Detection of PP1C in IGF1-activated ERK1 and -2 Immunoprecipitates-- To further investigate the nature of the unknown factor that activates eIF2B, we studied the potential involvement of PP1 and PP2A, the two main protein phosphatases involved in cell growth and signaling in eukaryotic cells (36, 37).

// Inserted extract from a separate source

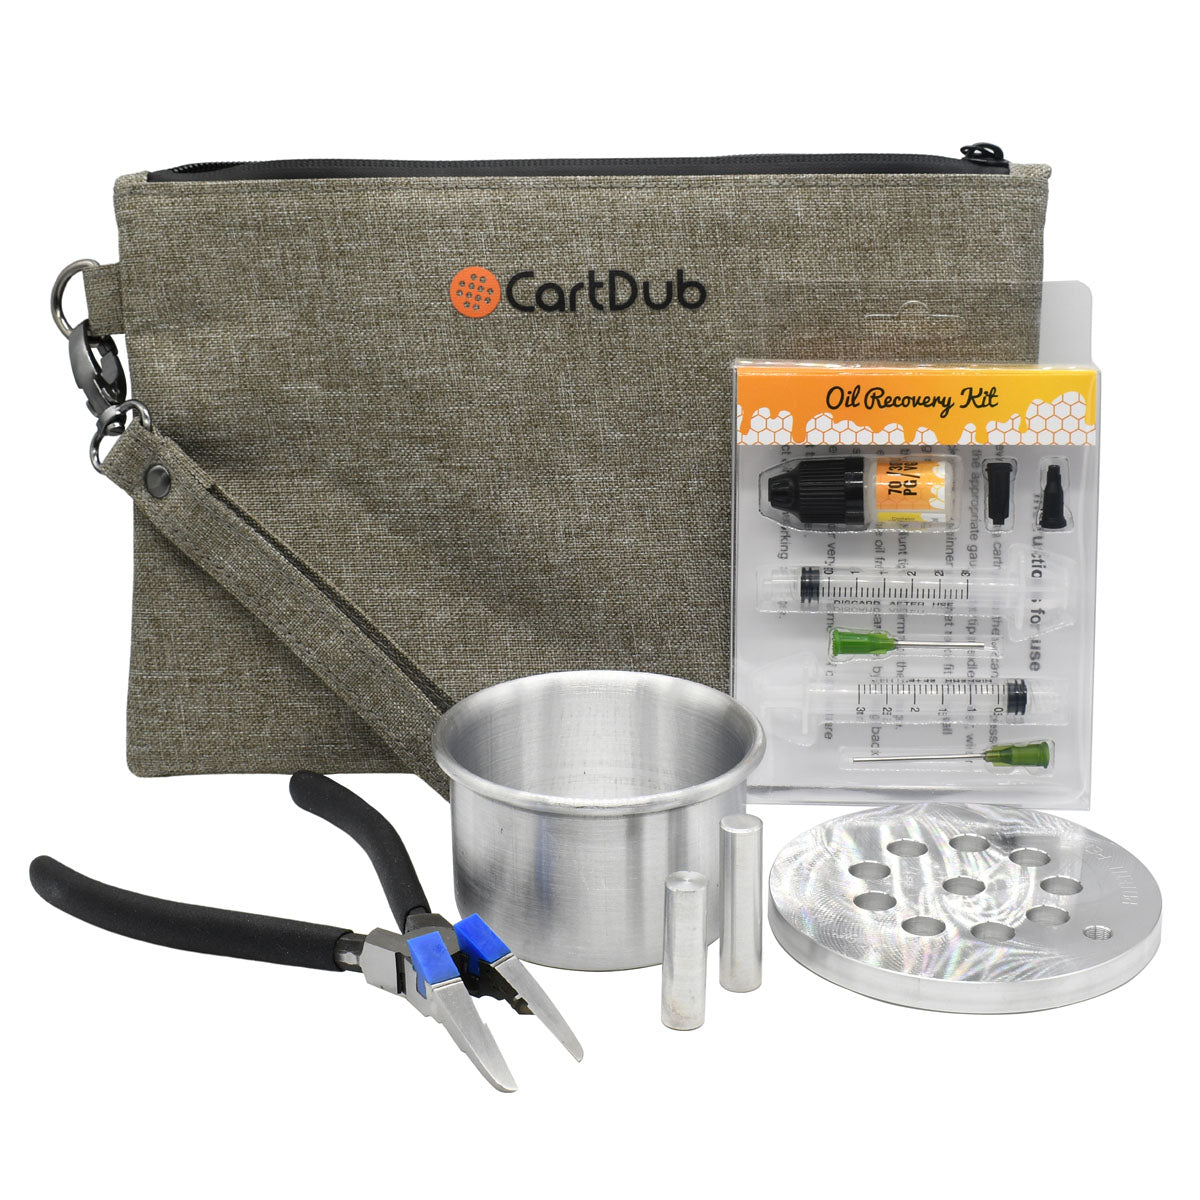 CartDub PLUS Kit to Open Locked 510 Carts and Remove Oil
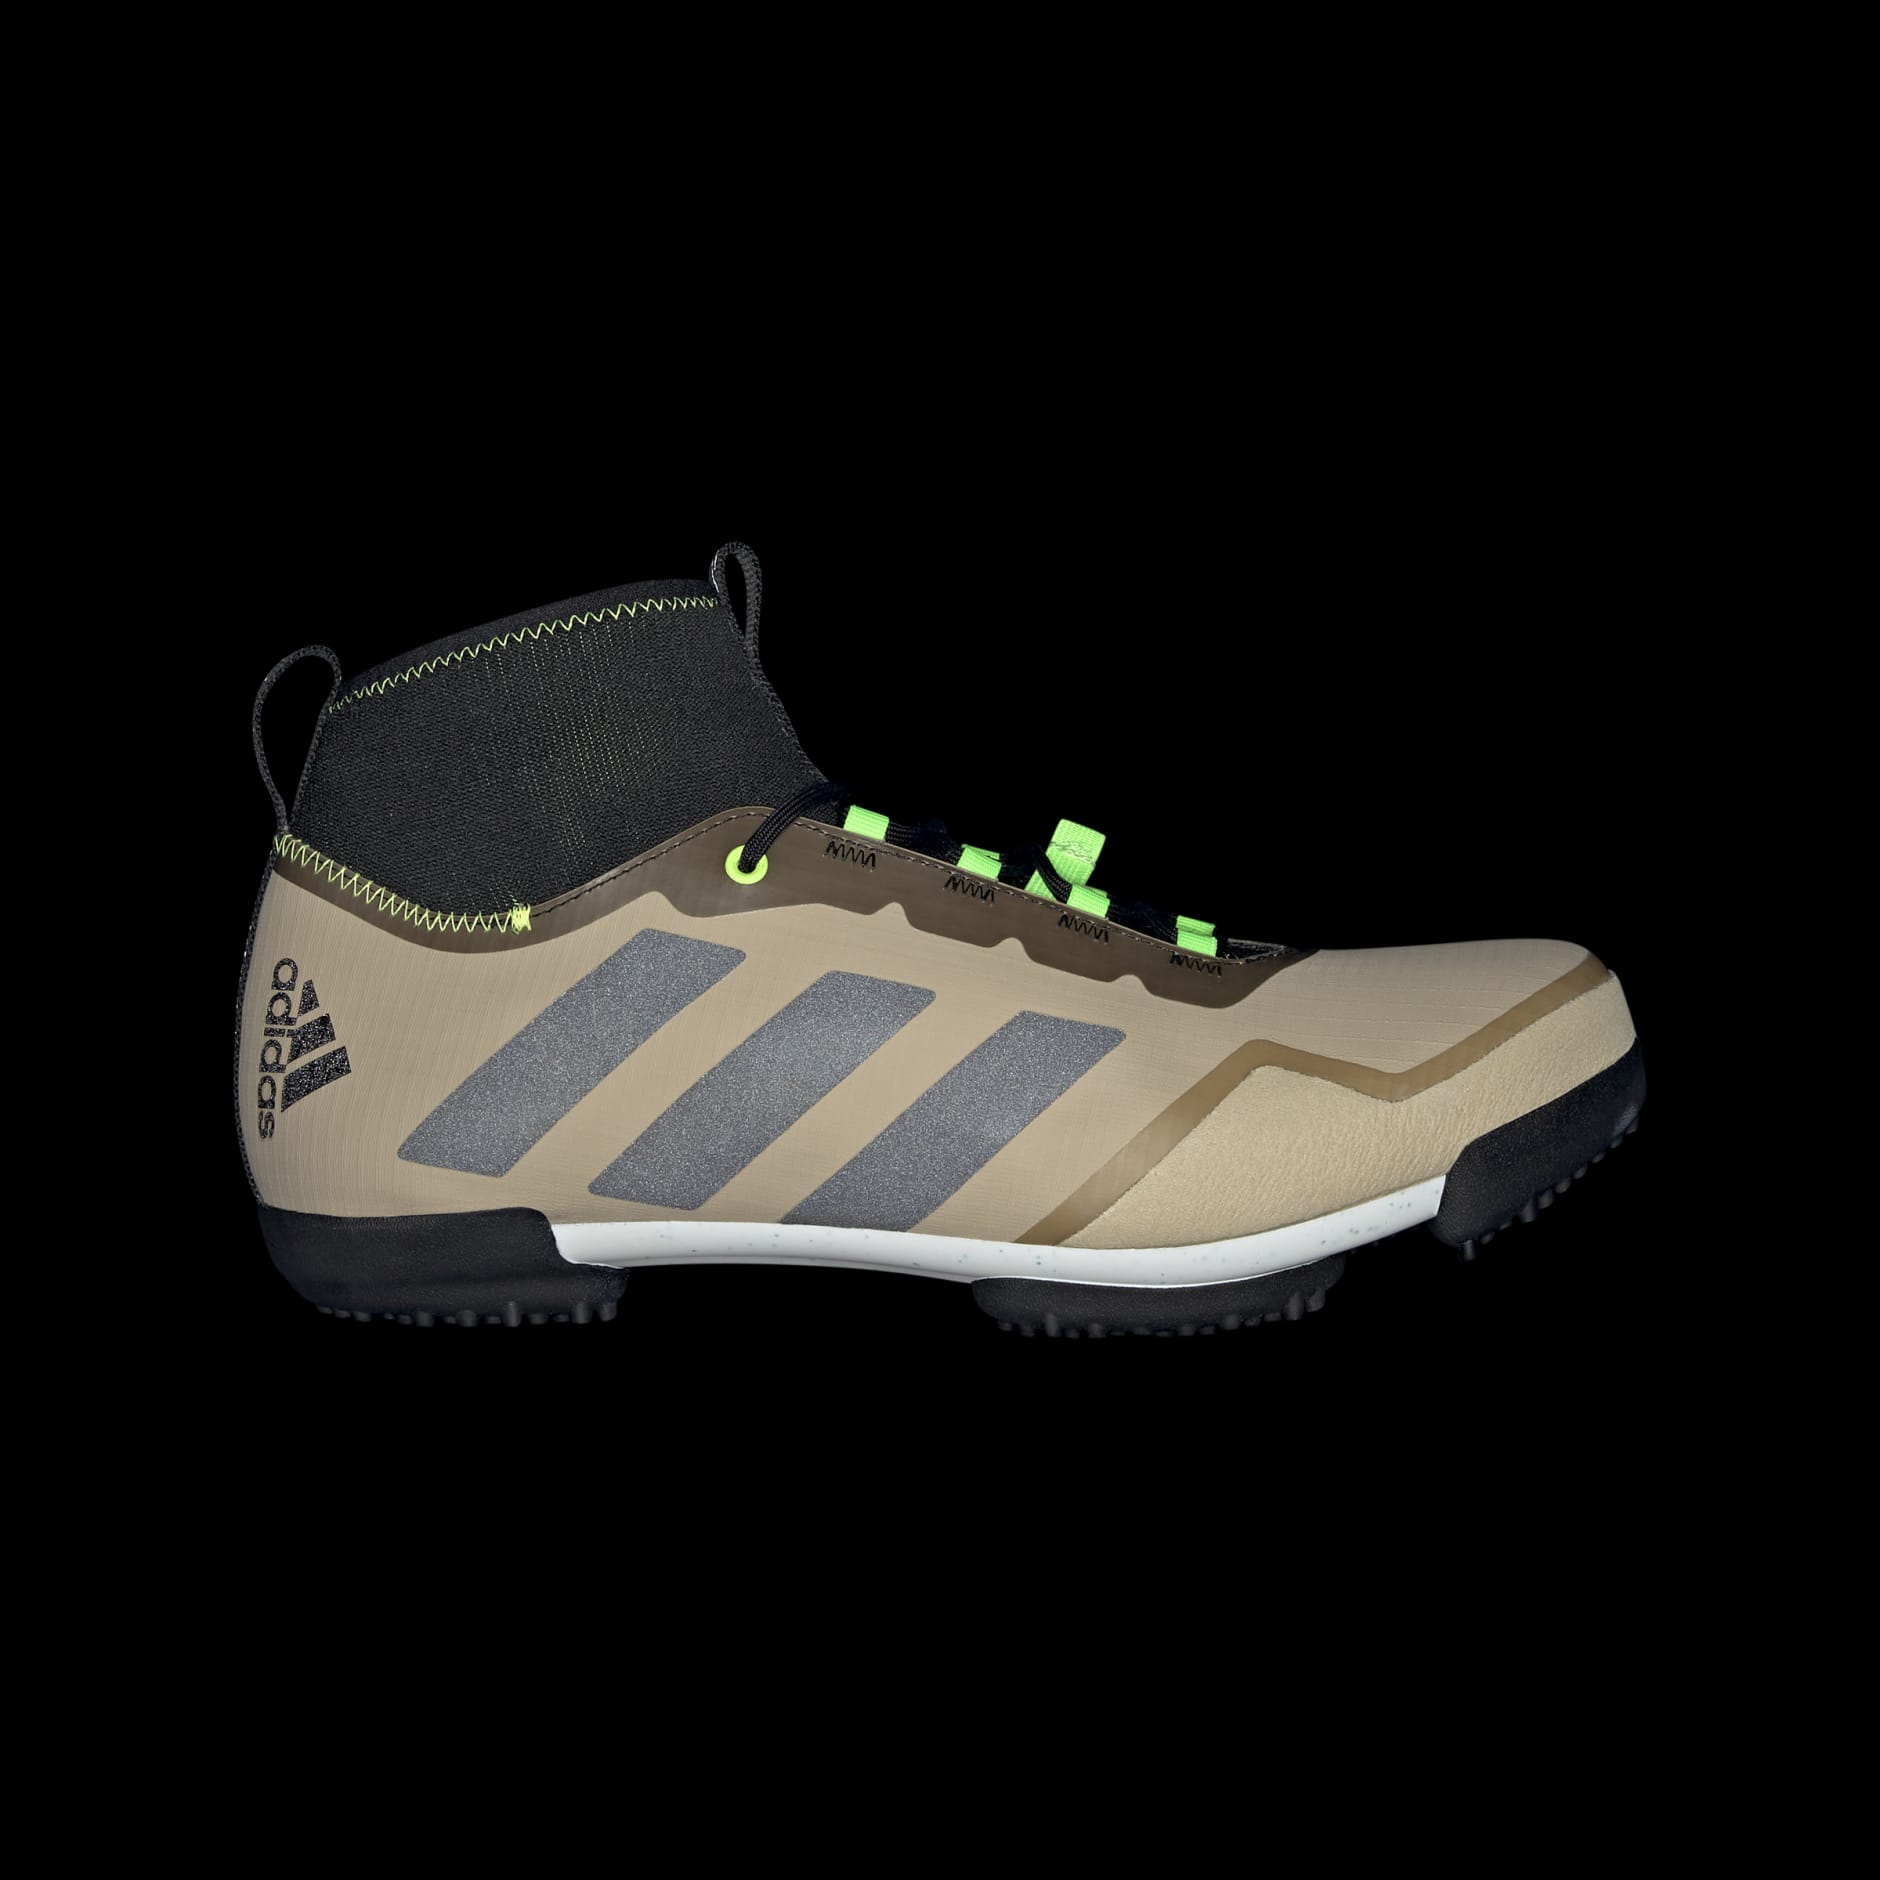 Franco conectar Marca comercial All products - The Gravel Cycling Shoes - Beige | adidas Saudi Arabia

Accordingly, we searched for PP1 and PP2A catalytic subunits in ERK1 and -2 immunoprecipitates effected with four different antibodies: anti-ERK1 and -2 diphosphorylated, anti-ERK1 and -2, anti-PP1C, and anti-PP2AC. As shown in Fig. 2A, both PP1C and PP2AC proteins were detected. Interestingly, PP1C levels found in ERK2 immunoprecipitates from IGF1-treated neurons were higher than those from untreated cells, whereas PP2AC levels showed no difference (Fig. 2A). Increased PP1C levels were also detected in diphospho-ERK1 and -2 of IGF1-treated cells, whereas PP2AC was poorly detected (Fig. 2B). These findings further support a close relationship between PP1 and the diphosphorylated active form of the kinases (mainly ERK2) in immunoprecipitates from IGF1-stimulated neuronal cells (Fig. 2, A and B).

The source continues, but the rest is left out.